Priyankara Wickramasinghe

Personal information
- Full name: Prasad Priyankara Wickramasinghe
- Born: 12 May 1977 (age 49) Colombo, Sri Lanka
- Batting: Left-handed
- Bowling: Legbreak

Domestic team information
- Bloomfield Cricket and Athletic Club
- Chilaw Marians Cricket Club

Career statistics
| Competition | FC | List A |
| Matches | 65 | 41 |
| Runs scored | 1,368 | 139 |
| Batting average | 25.33 | 6.95 |
| 100s/50s | 1/1 | 0/0 |
| Top score | 121* | 20 |
| Balls bowled | 8,105 | 1495 |
| Wickets | 189 | 37 |
| Bowling average | 18.59 | 28.62 |
| 5 wickets in innings | 10 | 0 |
| 10 wickets in match | 1 | 0 |
| Best bowling | 8/47 | 4/48 |
| Catches/stumpings | 45/0 | 10/0 |
- Source: CricInfo, 21 August 2022

= Priyankara Wickramasinghe =

Sri Lankan cricketer

Prasad Priyankara Wickramasinghe (born 12 May 1977) is a Sri Lankan-born cricketer who played for the Malaysia national cricket team, Bloomfield Cricket and Athletic Club, Sri Lankan A team and the Sri Lankan Board XI.

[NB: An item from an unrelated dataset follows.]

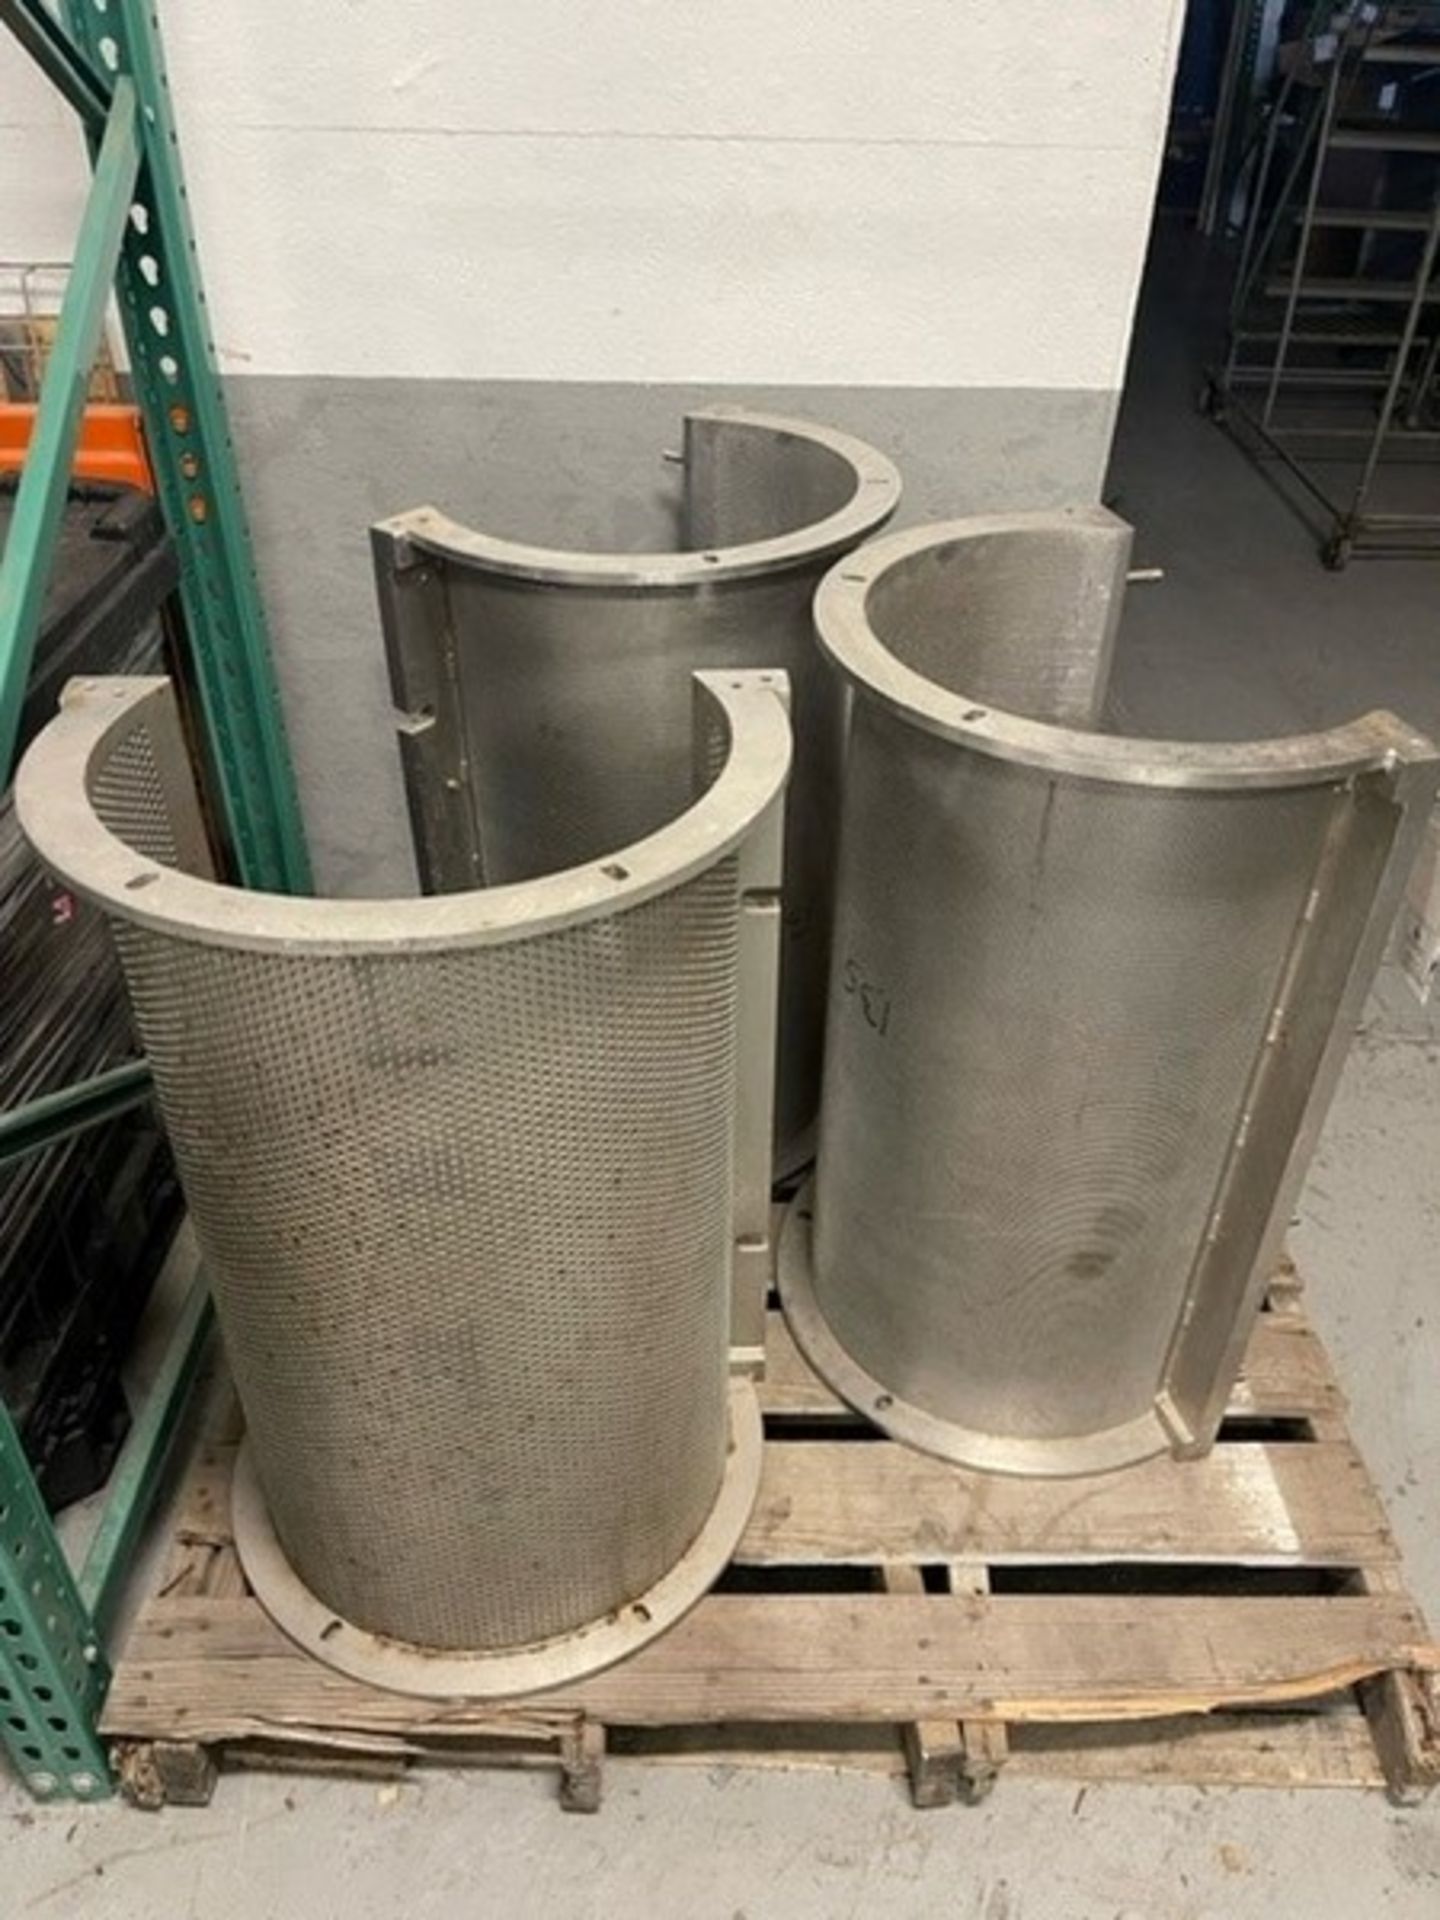 Lot of (3) Ahlstrom S/S Screens, Part No.: 2.0T6/2 26.10C4493-8748-1-2 & 6751-1-5, Dims.: Aprox. 32"

==Personal and early life==
Priyankara was educated at Nalanda College, Colombo and played cricket for Nalanda College first XI team from 1994 to 1995 & former Sri Lanka cricket captain Mahela Jayawardene was his teammate.

Malaysian international career

Priyankara made his debut for Malaysia in 2008 against Singapore.